Florence sees tourist influx as Dan Brown unveils 'Inferno'
FLORENCE, Italy - US author Dan Brown revealed the human tendency for conspiracy was the secret behind his bestsellers at a talk on Thursday in Florence, where tourists are flocking in the footsteps of his mystery-cracking hero.
Brown paid tribute to the city and its most famous son, mediaeval poet Dante Alighieri, whose work "The Divine Comedy" inspired the author's latest novel "Inferno" -- already top of the US bestseller list.
"In some ways I think Dante invented hell," Brown said in a lecture entitled "The Need for Mystery" before an audience of hundreds of mainly youthful Italian fans.
"Our minds create connections between disparate events and that often leads to conspiracy theories," he said, adding: "I let the reader decide which way to go".
Tour guides in the streets outside have lost no time in coming up with "Dan Brown Tours" -- less than a month after the novel's release -- and at least one hotel is offering guests a "Dan Brown Package".
"There's definitely interest. I've already had questions from various tourists. A lot of people have read the book," said Elisabetta Franchetti, a guide with ArtViva walking tours, which launched its own Brown-inspired route through the city on Thursday.
The three-hour itinerary winds its way through the heart of Florence from the Boboli Gardens to the nooks and crannies of Palazzo Vecchio, tracking a gripping chase of Brown's Harvard professor Robert Langdon as he races to stop an act of bio-terrorism.
Franchetti said the novel could be a way for mass-market tourists to access Florence's priceless heritage more readily, particularly the off-the-beaten track curiosities that are mentioned in the book.
"The idea is to enrich everything," Franchetti said as she led a tour group across the Ponte Vecchio spanning the Arno River -- along the Vasari Corridor used by Langdon in the book to elude his enemies.
"The idea is to allow people who do not know Florence, who do not know who Dante was, who Boccaccio was, who Petrarch was, who Machiavelli was, to go deeper, be more curious," Franchetti said.
The novel has already sold nine million copies in 13 countries and the French edition came out on Thursday.
Brown's "Da Vinci Code" -- Langdon's art detective debut -- sold a total of 81 million copies worldwide.
While there is no shortage of tourists in Florence, officials want to encourage visitors to stay for longer to appreciate the city and spend more money.

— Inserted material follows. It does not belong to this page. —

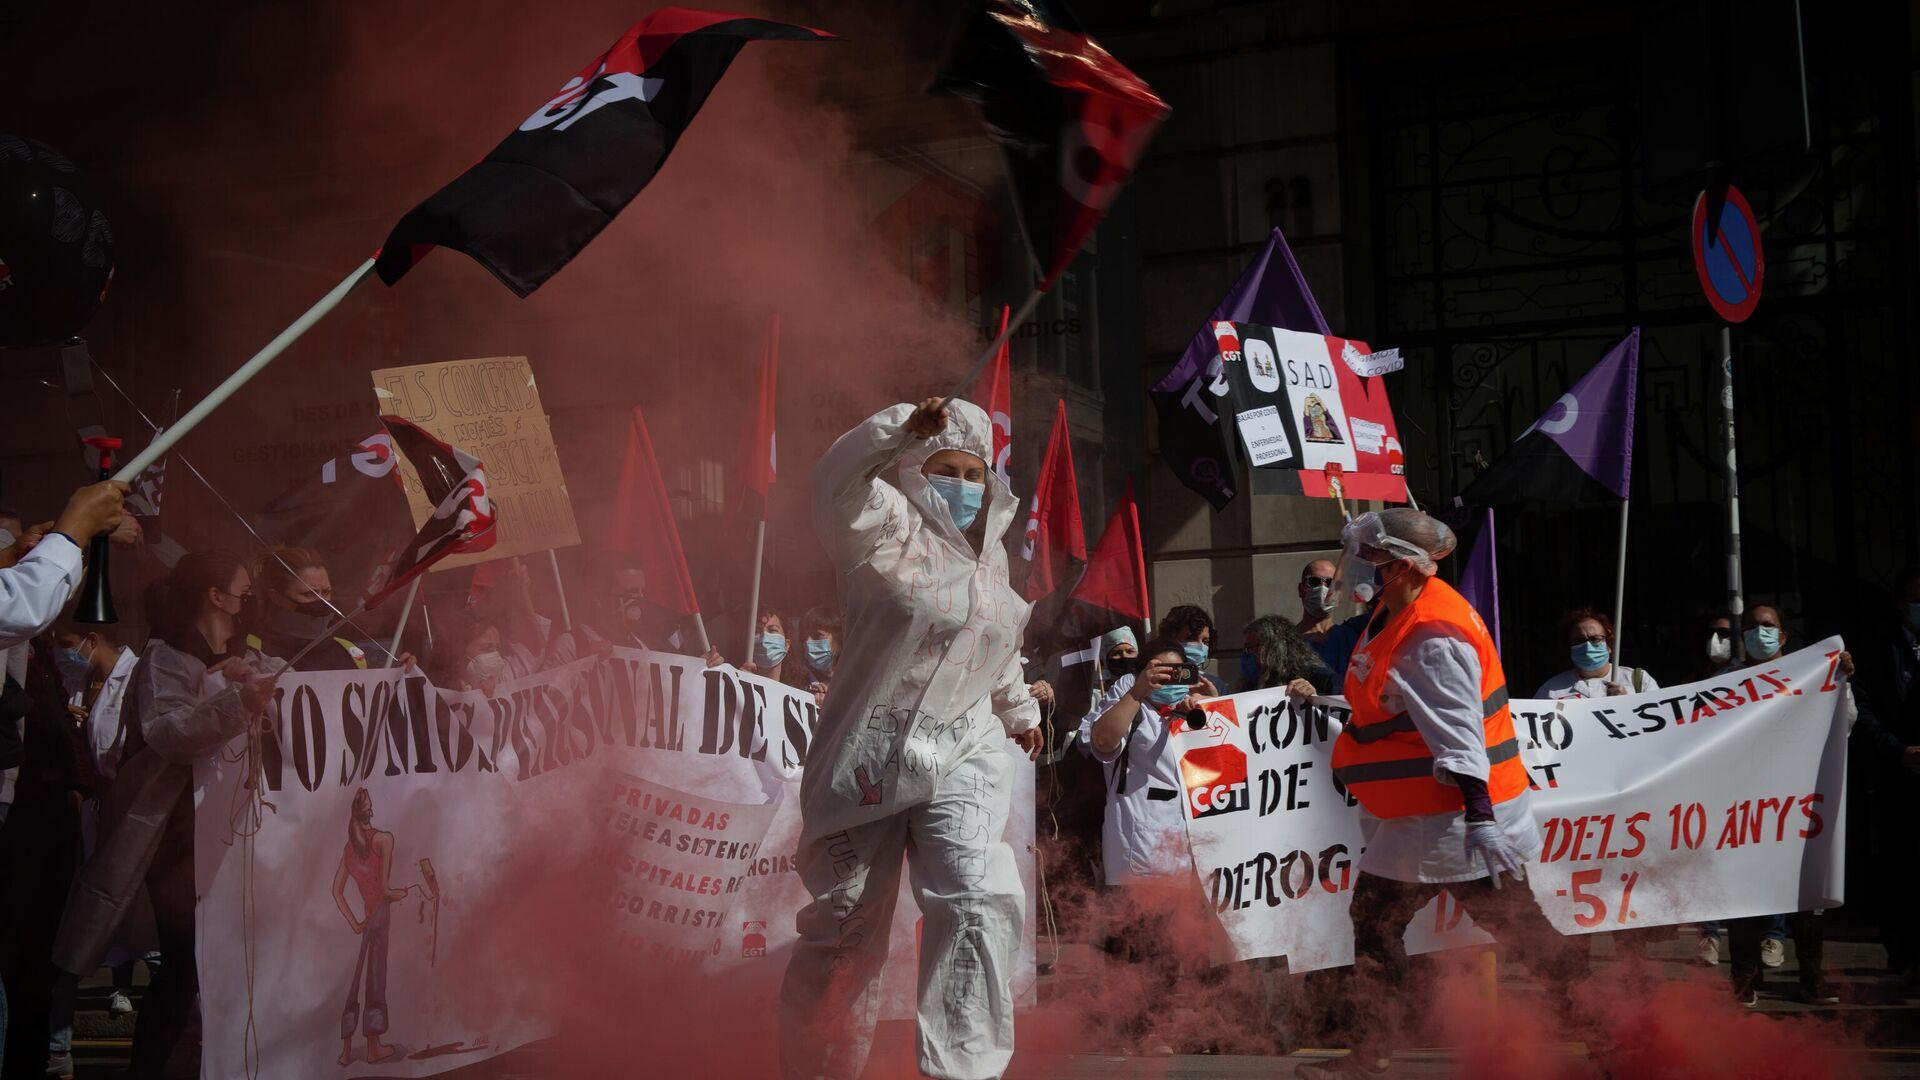 Una mujer participa en una manifestación durante la huelga general de la Sanidad en Cataluña. 10 de marzo de 2021 - Sputnik Mundo, 1920, 10.03.2021

The number of Italian overnight tourists to Florence fell by 5.0 percent last year, while foreigners were down 0.9 percent with sharper drops for those coming from other European countries, according to city data.
Eugenio Giani, president of the Italian Dante Society and head of the city council, said he hoped that Brown's novel could also inspire more young people to appreciate Dante Alighieri (1265-1321).
"The book is important because it renews an interest in Dante," said Giani, speaking in a room in the Palazzo Vecchio where Langdon again escapes his pursuers through a secret door behind a map of Armenia.
Giani said his 14-year-old son who is reading the book has been asking him about some of the artifacts mentioned in the novel like the Dante mask kept in the Palazzo Vecchio, the seat of the city council.
The city official and Dante fanatic said the book also helped Florence because it placed Dante at the heart of the city from which he was famously exiled.
Giani said he had met with Brown and asked him to visit again "once this hubbub is over" for new ideas.
"There is no shortage of secrets here," he told AFP.
But there was more scepticism over at Palazzo Strozzi -- a prestigious museum that this month launched a "Dante Passport" that allow tourists to visit all the Dante-related monuments dotted around Tuscany.
"No matter how good Dan Brown is, the history is always better, the reality is far more juicy," said James Bradburne, president of the Palazzo Strozzi Foundation.
"I can only wish that every visitor who comes to Florence with a reignited love of Dante also leaves the book in the hotel and goes to find the real Florence," he said.